O lado bom da rebelião aliada
Por Kennedy Alencar *
A presidente Dilma Rousseff não está tratando o PMDB como Luiz Inácio Lula da Silva tratou no seu segundo mandato. Mas ainda está cuidando um pouco melhor do que Lula cuidou no início do seu primeiro termo.
Isso é ruim? Arriscado?
É mais arriscado do que ruim.
Certamente, mais dureza no trato de pedidos fisiológicos é bom para o país e pedagógico para a política. Os peemedebistas usam o eufemismo da falta de atenção do governo. Ora, o que querem mesmo são cargos e verbas.
Que grande ideia econômica e social o PMDB apresentou ao país nos últimos anos? Com exceção de Sérgio Cabral, governador do Rio, que aplicou uma política de segurança pública respaldada pela maioria da opinião pública do seu Estado, não se tem notícia de uma ideia peemedebista para enfrentar a invasão de produtos chineses, a valorização excessiva do real, uma proposta efetiva de reforma tributária...
Quando se queixa de que o PT busca hegemonia na política, o PMDB está colhendo o que plantou. O partido tem sido linha auxiliar dos presidentes da República desde a redemocratização. Verdade que era dono do governo José Sarney, que deu no que deu. Depois, só foi coadjuvante.
PT e PSDB polarizam a política nacional desde 1994 porque são os únicos partidos que apresentaram projetos que o conjunto da sociedade julgou que valia a pena endossar.
Dilma tem menos compromissos políticos do que tinham Fernando Henrique Cardoso e Luiz Inácio Lula da Silva.
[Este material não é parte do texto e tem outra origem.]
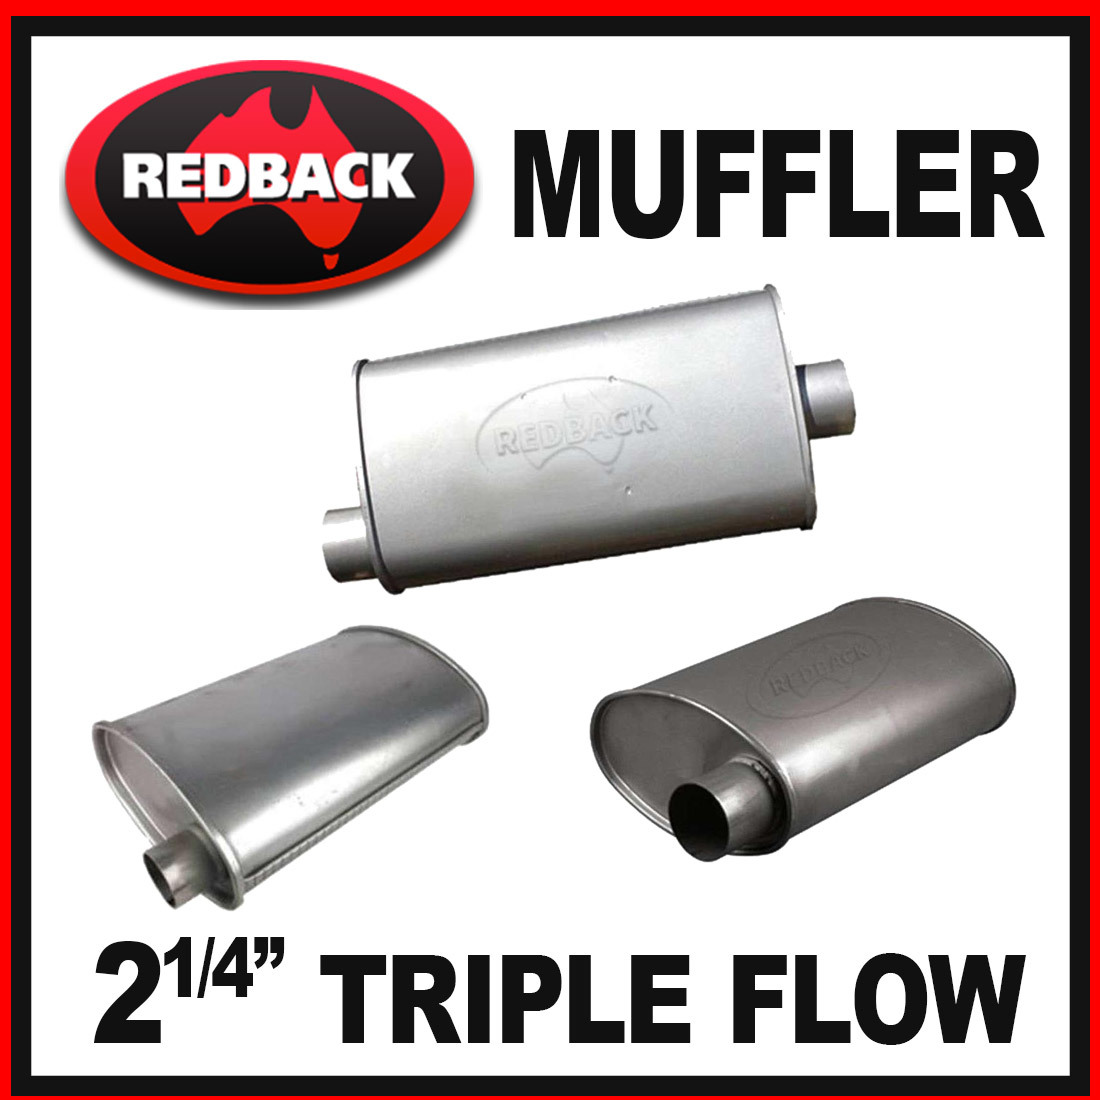 Redback 2 1/4" Triple Flow Muffler image

Basicamente, ela deve uma fatura para Lula. Claro que a presidente precisa do PMDB para governar. Atender pleitos de liberação de emendas parlamentares faz parte do jogo.
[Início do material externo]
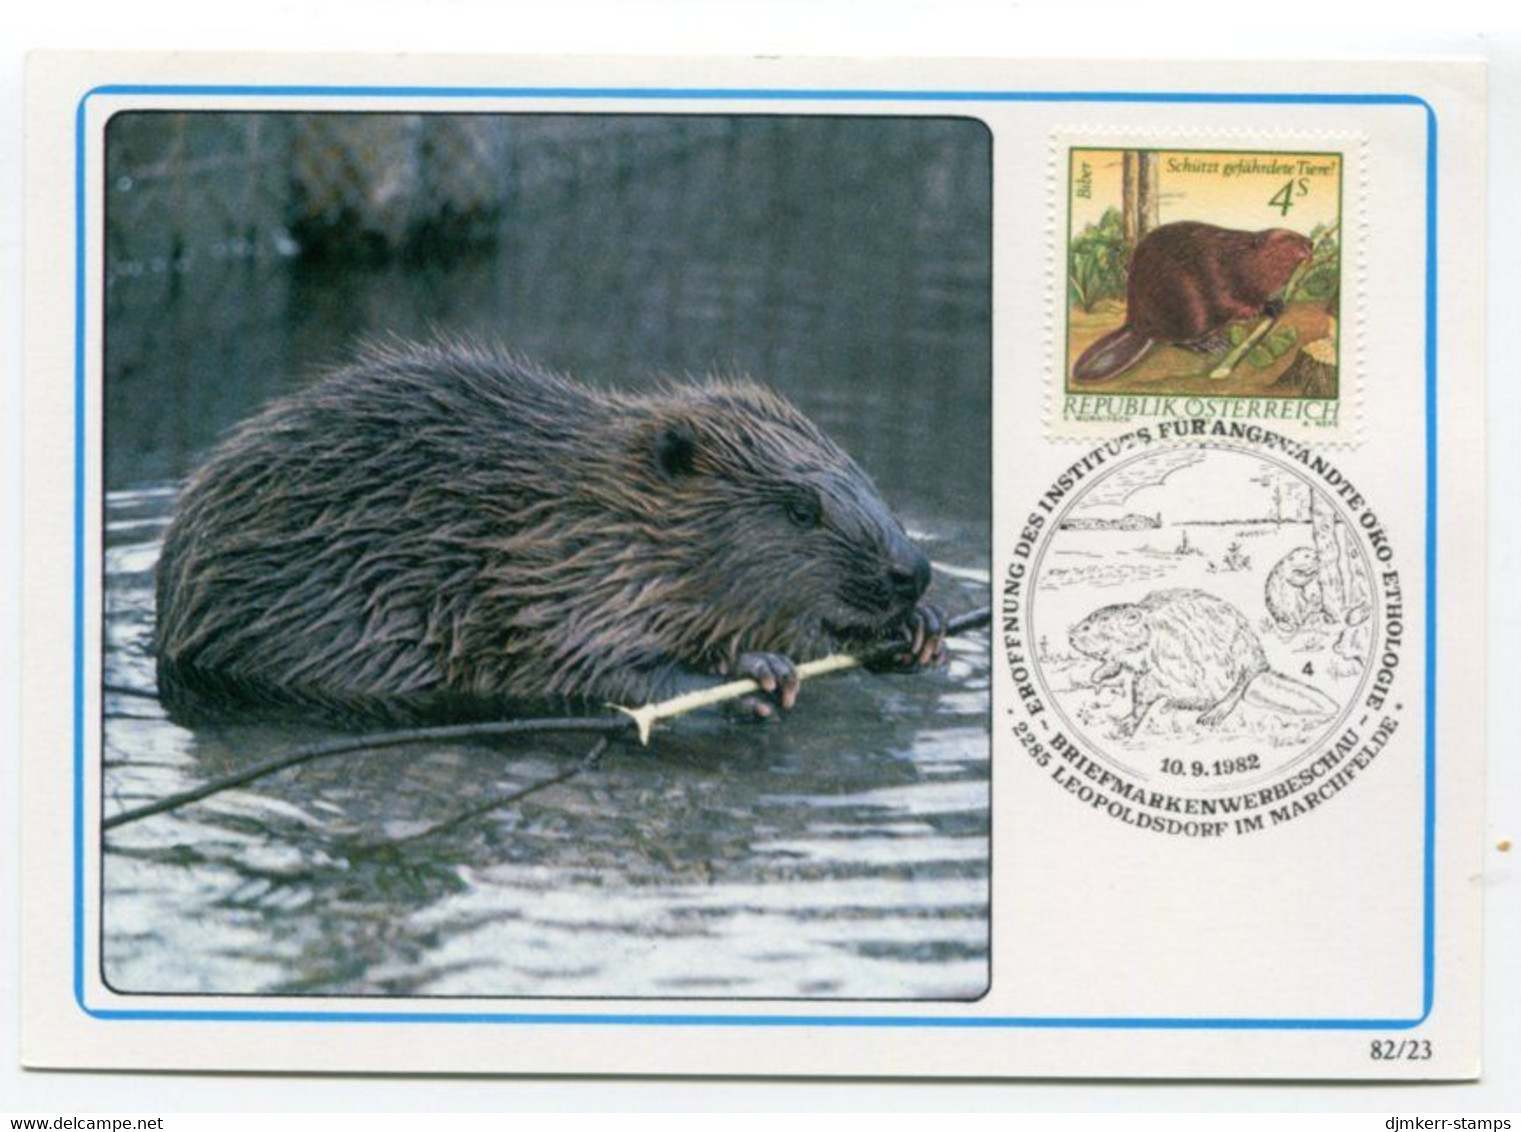 AUSTRIA 1982 Endangered Animals: Beaver On Maxicard.  Michel 1718 - Cartes-Maximum (CM)

Mas ficar querendo nomear diretor de banco já é outra história.
O ponto central da crise entre o Palácio do Planalto e o Congresso é saber a medida exata do endurecimento com os políticos. Com menos compromissos, a presidente tem um pouco mais de espaço para esticar a corda. Talvez já esteja esticada demais, mas tem sido uma experiência interessante para o país e, sobretudo, para o jornalismo, que, aliás, precisa decidir se gosta da Dilma que enfrenta os políticos ou da Dilma que tem de ceder rapidamente às raposas felpudas em nome da governabilidade. Interessante notar uma certa oscilação de segmentos sociais. Ora, para ver o circo pegar fogo, ajoelham no hipócrito altar udenista. Ora, quando algumas fontes choram, pedem realpolitik na veia.
A derrota da semana passada no Senado foi um revés, mas não tirou o Brasil dos trilhos. Provavelmente, vai atrasar o projeto do trem bala. Há projetos importantes tramitando no Congresso, como o novo Código Florestal e o fundo de previdência dos servidores públicos. Eventuais retaliações a Dilma, dando ao código uma feição mais ruralista ou adiando a medida que contribui para equilibrar as contas da Previdência, serão também retaliações ao país, mas não vão afundá-lo. O Brasil tem cada vez mais uma opinião pública que deseja maior transparência dos políticos, do judiciário, das empresas, da imprensa. Dilma está surfando nessa onda, embalada pelas pesquisas que lhe dão popularidade e por uma economia ainda em boa toada.
É, sim, arriscado tensionar a relação com um partido do tamanho do PMDB. Também é arriscado fazê-lo com outras siglas aliadas. Mas há um lado bom: obrigar os que querem cargos e verbas a parar com essa conversa fiada de falta de atenção e levá-los assumir claramente os interesses que defendem. Ou seja, uma crise assim no segundo ano de governo tem alguma utilidade. O problema poderá ficar preocupante para Dilma em 2014, se ódios e mágoas conseguirem quebrar a aliança que sustenta sua administração e dificultar uma eventual reeleição.